Many feminists who embraced Women's Liberation grew up in a culture saturated with messages like the one captured by Simone de Beauvoir in 1953.1 They criticized this monolithic representation of woman as "the sex" and exposed a historically and socially hegemonic tradition of Western art and visual culture that affirmed heterosexual men's pleasure in looking at women's sexed bodies.2 According to Laura Mulvey, narrative cinema, in particular, represented heterosexual male desire and point-of-view as a universal and disembodied truth that affirmed men's power over women. She termed this universalizing perspective "the male gaze" in an influential essay published in 1975, which exposed gendered power relations rooted in a visual system based on a phallocentric understanding of the meaning of sexual difference. Mulvey argued (via Freudian psychoanalytic theory) that the "patriarchal unconscious"—and the roots of women's oppression—rested on the representation of woman's "real lack of a penis."3 Mulvey also maintained that transforming patriarchy depended upon both exposing the patriarchal system of representation that rested on interpretations of women as the "other" and inferior sex and constructing new feminist self-representations rooted in women's own experiences of their sexed bodies.

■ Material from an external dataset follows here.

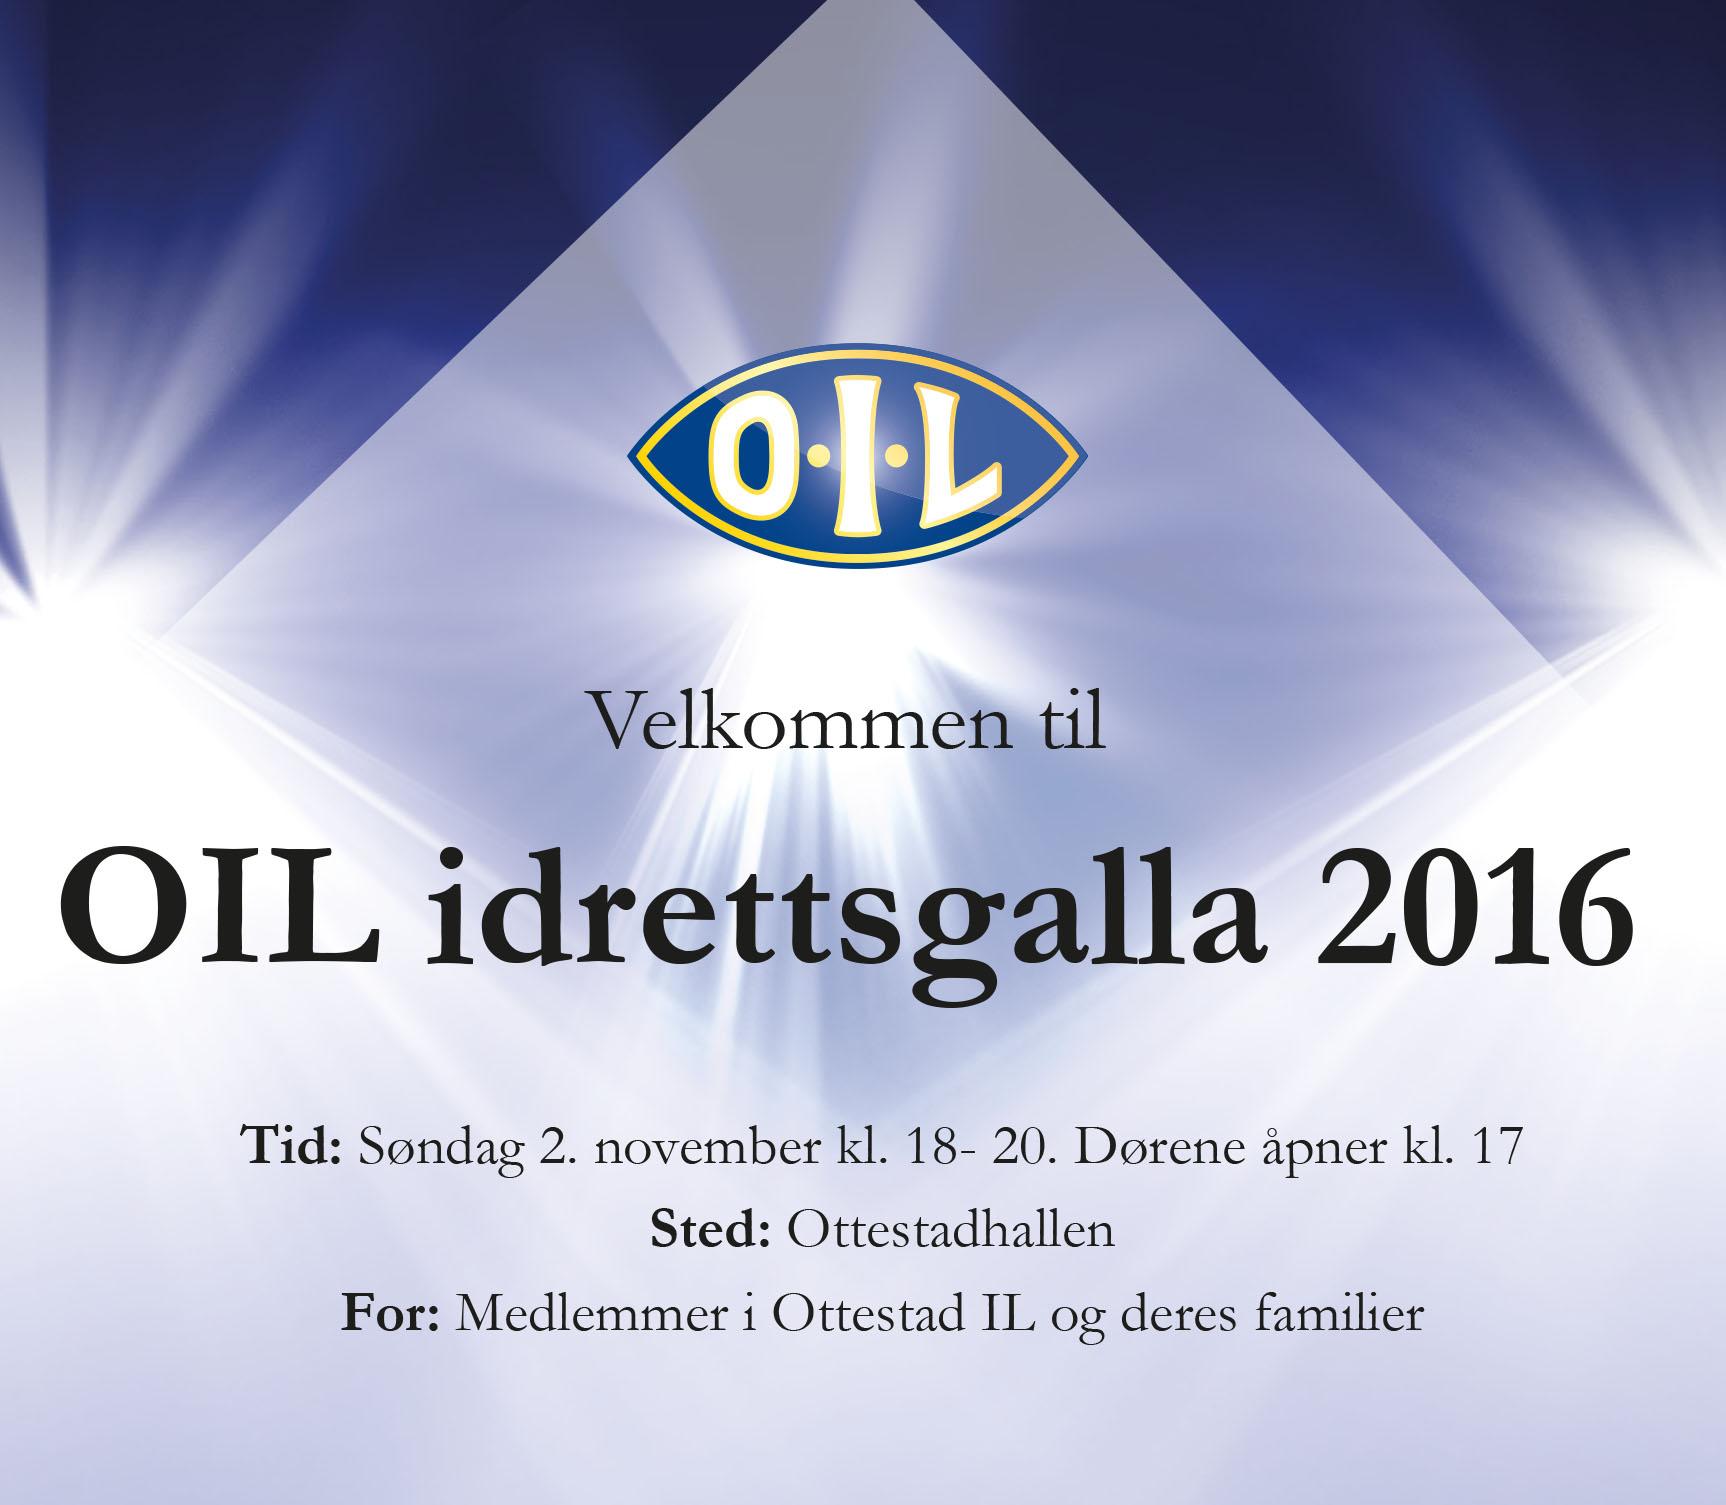 SKISSE Invitasjon Idrettsgalla.jpg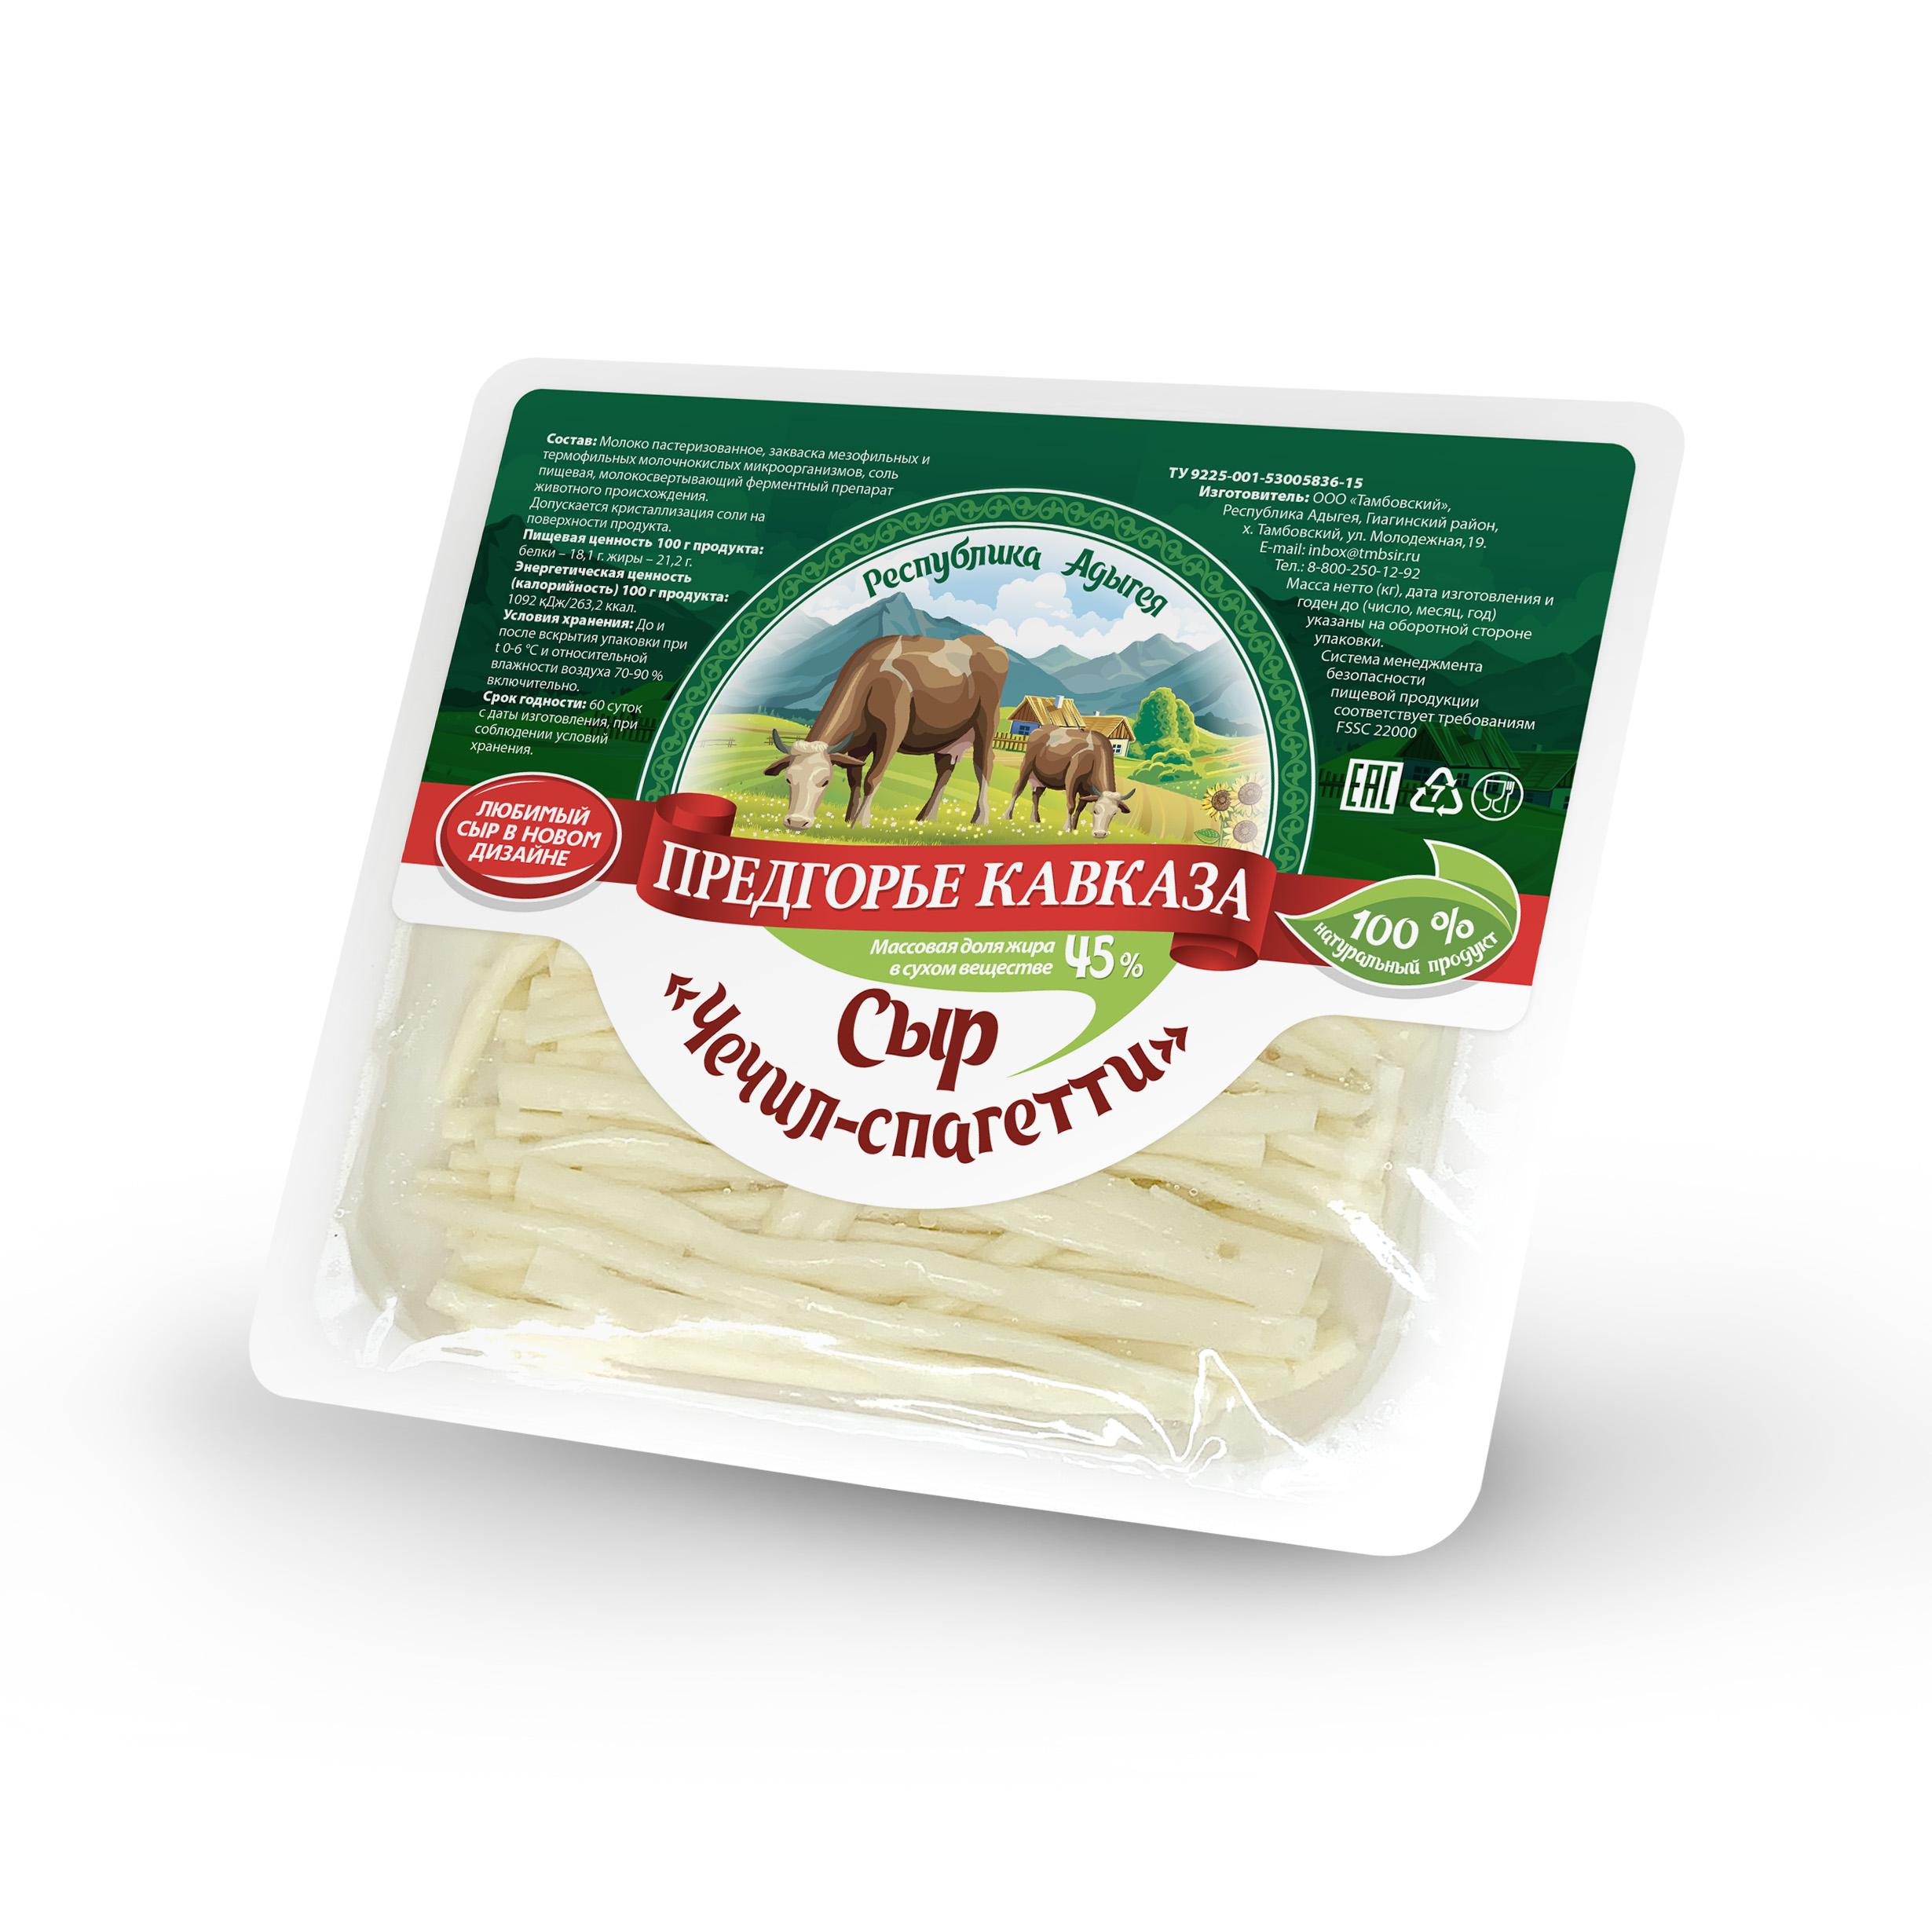 Предгорье кавказа Сыр Чечил-спагетти 45% Предгорье Кавказа

This essay focuses on feminist activists and artists of the Women's Liberation Movement of the 1970s—women's health movement feminists and two experimental feminist filmmakers, one of whom also took part in the feminist women's health movement—who criticized the hegemony of the [End Page 39] "male gaze." These activists and artists created self-representations of their own embodied experiences, or what I have termed "body knowledge." As the women who populate my essay were similarly situated as white, I also explore how white 1970s feminist activists and artists grappled with how to represent women's textured and heterogeneous experiences. The women I write about in this essay struggled to forge a feminism that represented common experiences of oppression among women but also revealed the complexity and heterogeneity of women's experiences of oppression. I believe that a failure to recognize the 1970s feminist effort to attend to women's similarities and their differences has set the stage for popular critics of Women's Liberation of the 1970s to mark the movement ahistorically as "white" even though many white women addressed differences among women. Furthermore, women of color, working-class women, and lesbians were active as feminists in the 1970s and critical of racism, classism, and heterosexism within Women's Liberation during the same period.4 Thus I use this essay to understand Women's Liberation activists' representation of their bodies as politically powerful for them in their historical context, although their politics had both empowering and marginalizing effects.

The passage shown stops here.